▼▼▼

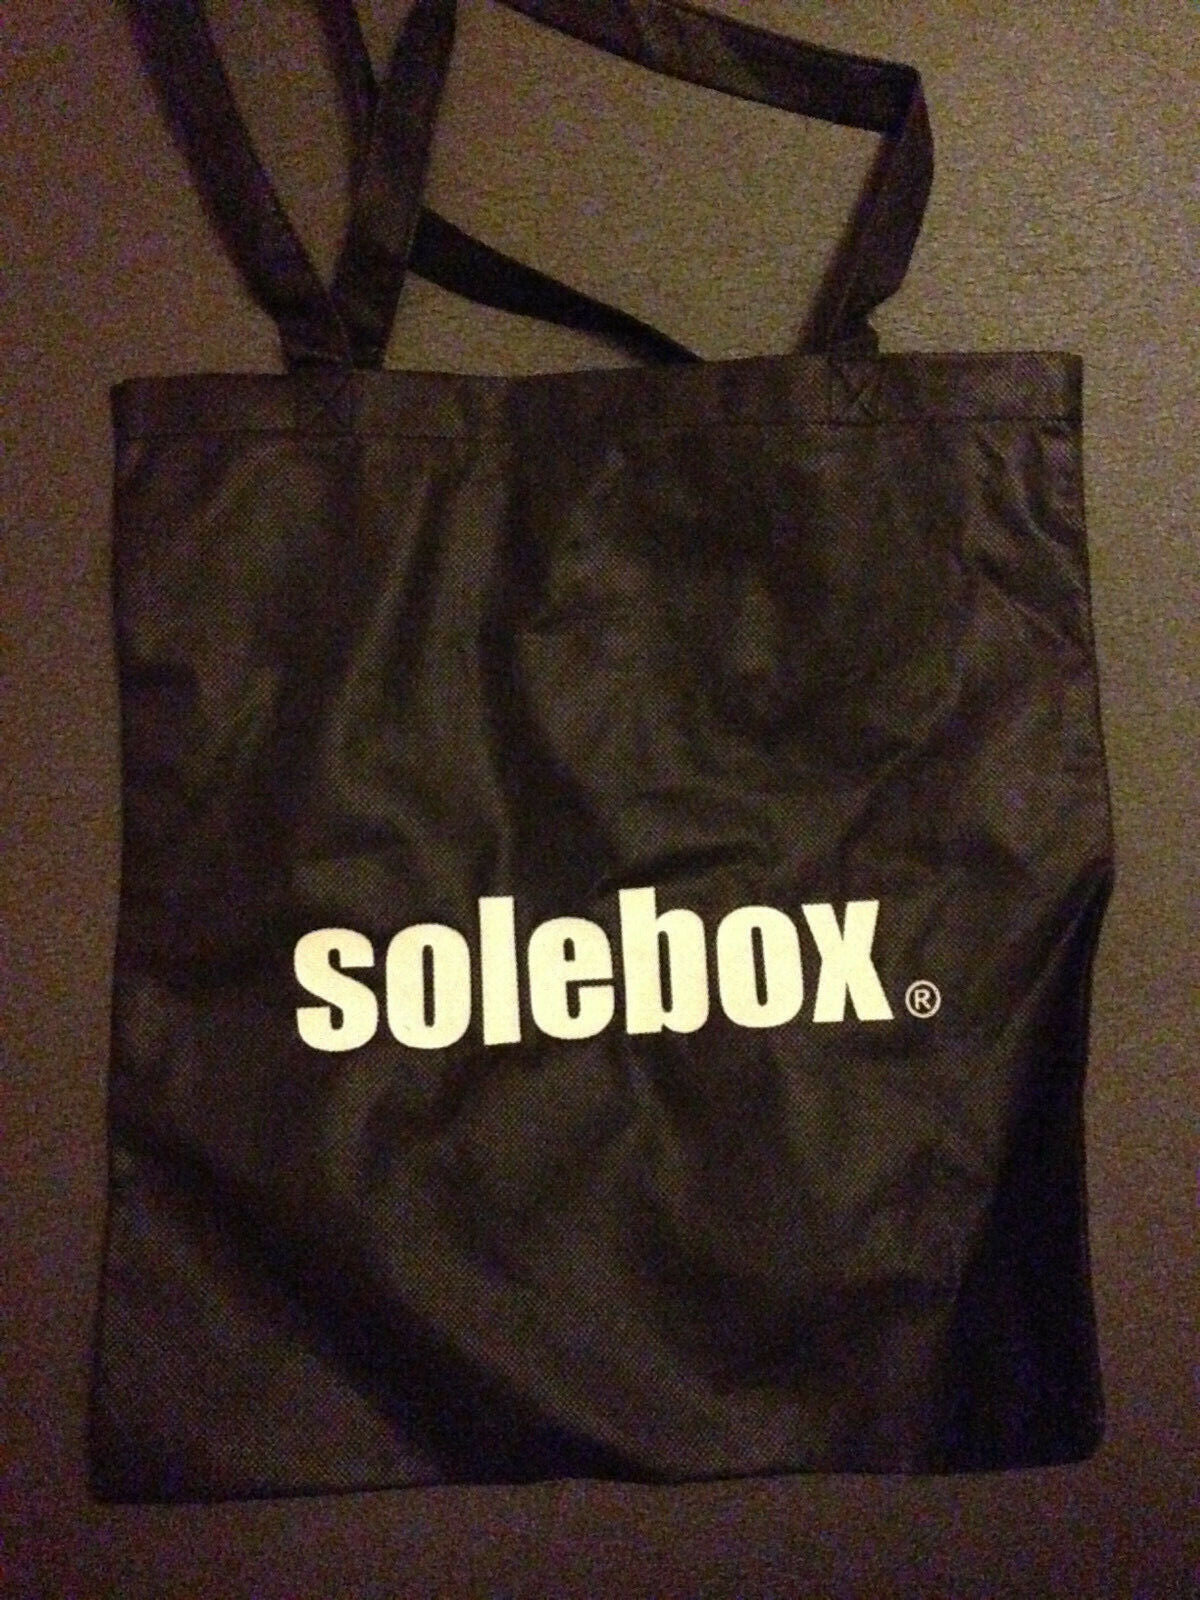 Solebox Tasche Beutel bag ca. 37 x 40 cm GLOW IN THE DARK selten rare
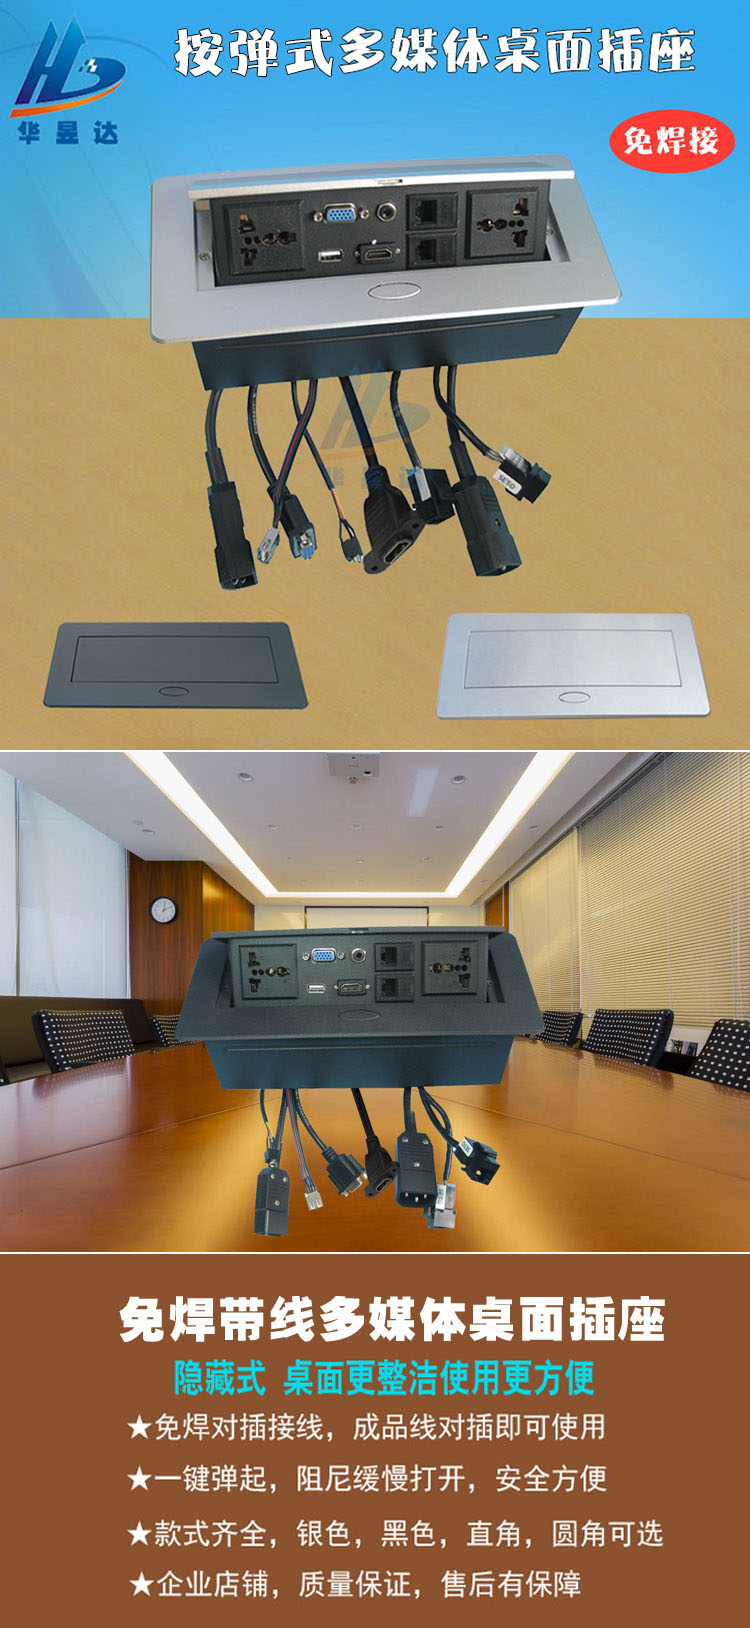 免焊嵌入式多功能桌面插座会议集成多媒体信息盒hdmi接线面板l608直角
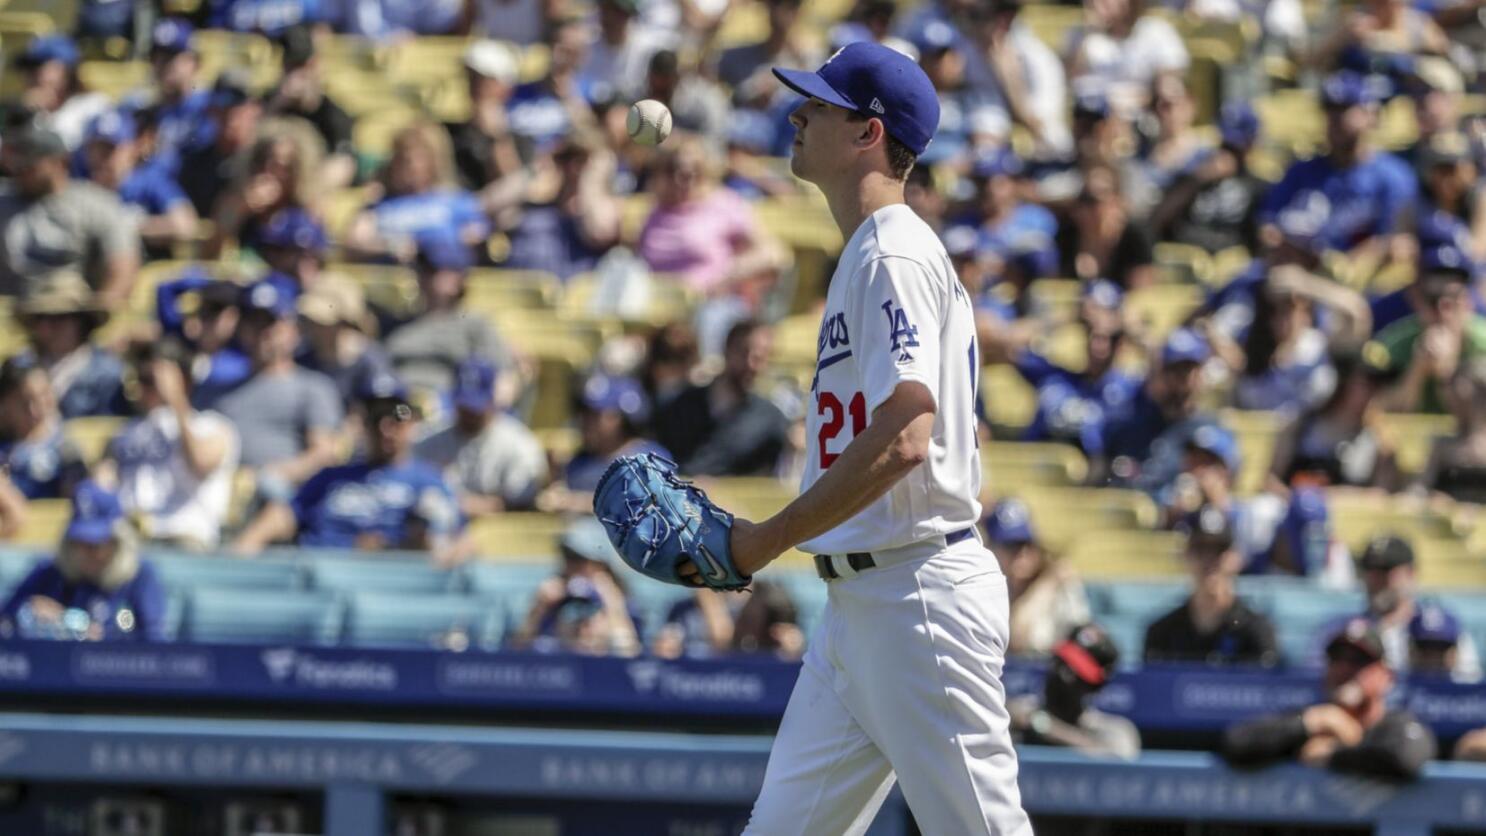 Dodgers pitcher Walker Buehler struggles in 2019 debut - Los Angeles Times
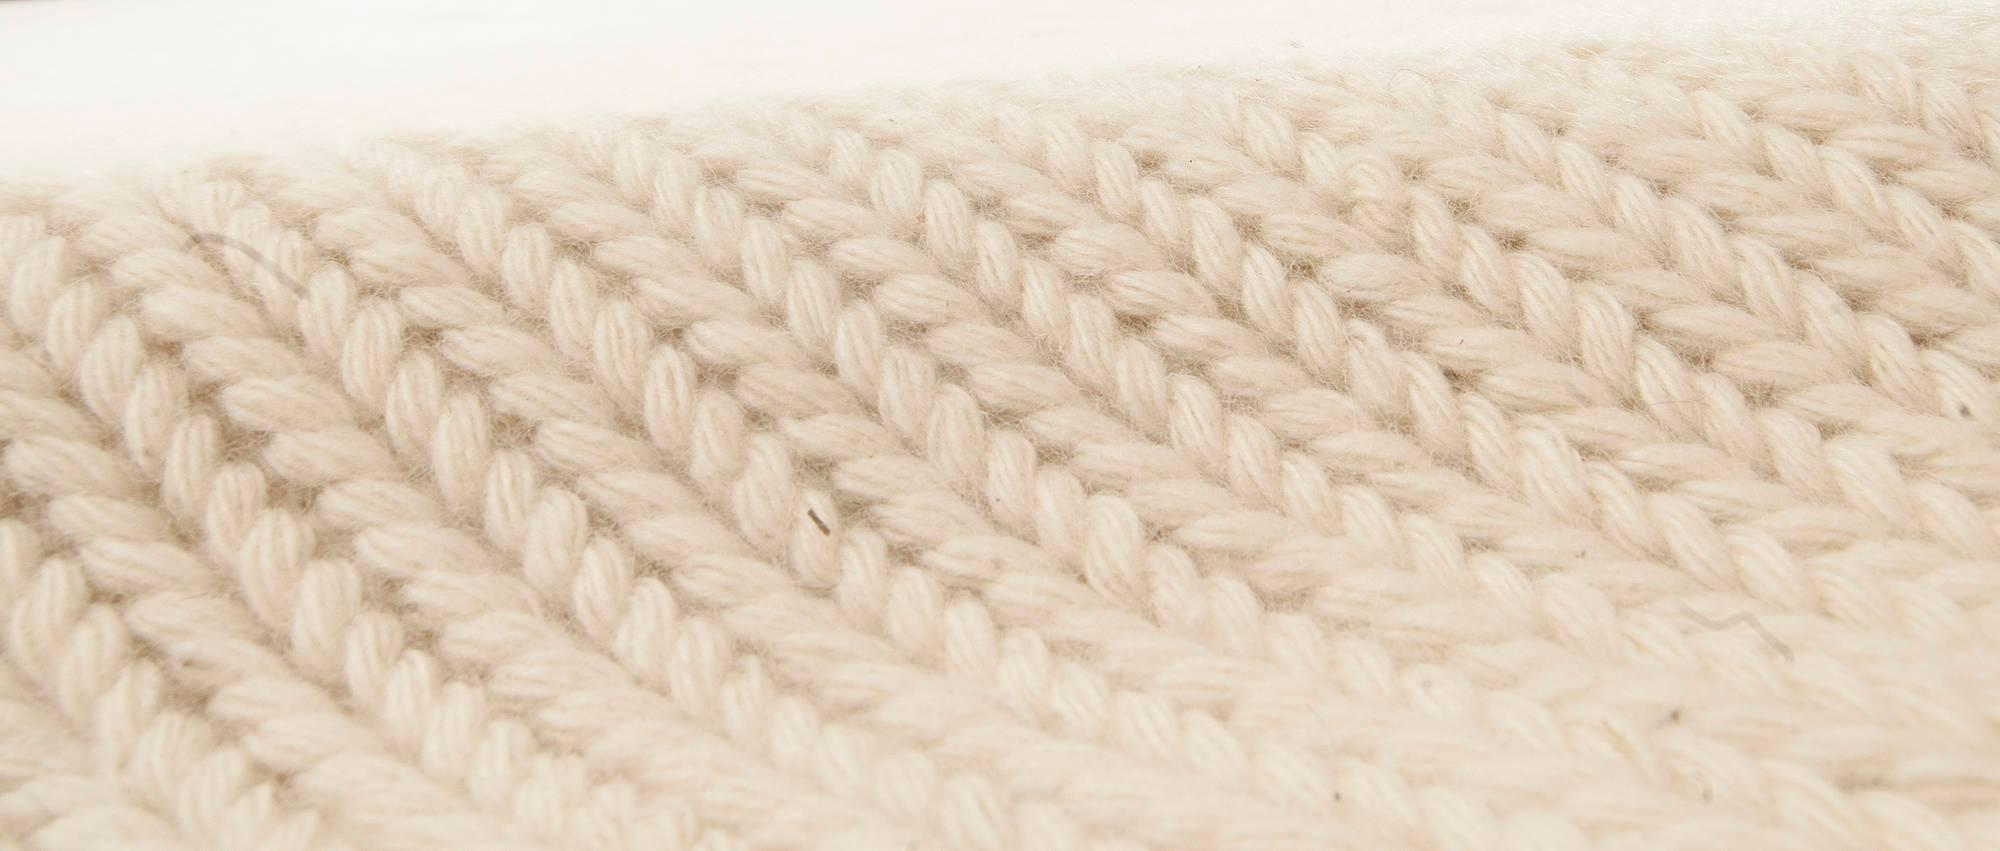 Contemporary beige flat-weave wool rug by Doris Leslie Blau
Size: 13'0
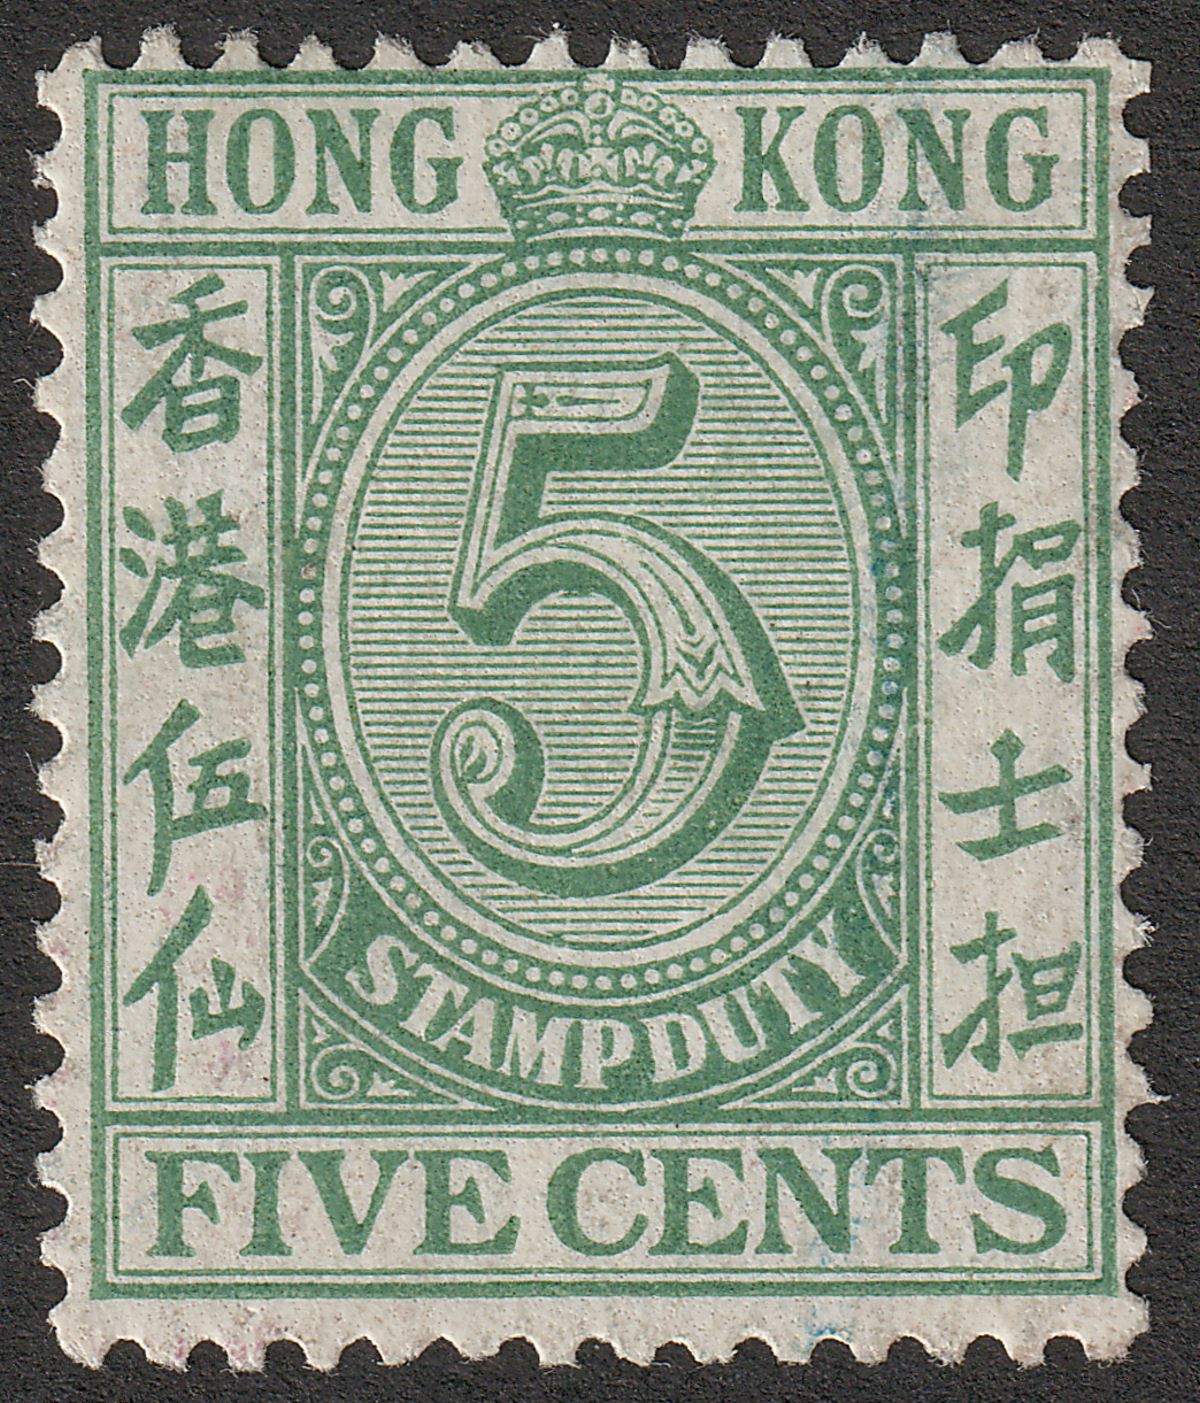 Hong Kong 1938 KGVI Stamp Duty 5c Green Mint SG F12 cat £100 light gum adhesion
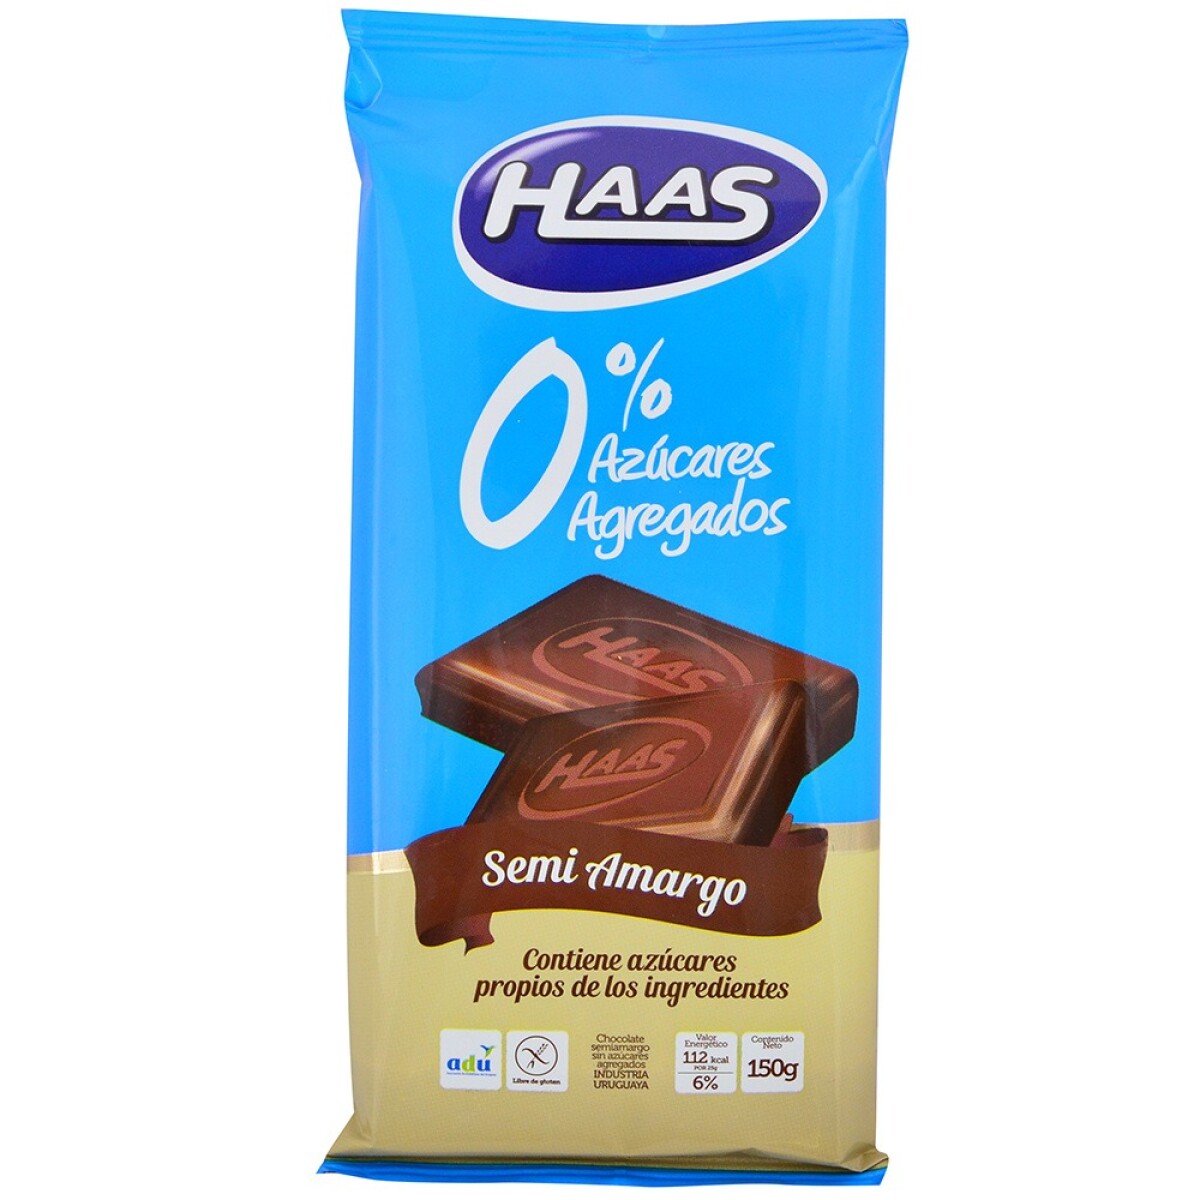 Chocolate Semi-amargo Haas 0% Azúcar 150 Grs.

▲▲▲

> [PROBLEM DESCRIPTION]
With the pictures excluded, transcribe word for word only the lines from the one containing "Contemporary beige flat-weave wool" through the last line of the records.

> [RESPONSE AREA]
 Contemporary beige flat-weave wool rug by Doris Leslie Blau
Size: 13'0
 Hong Kong 1938 KGVI Stamp Duty 5c Green Mint SG F12 cat £100 light gum adhesion
 Chocolate Semi-amargo Haas 0% Azúcar 150 Grs.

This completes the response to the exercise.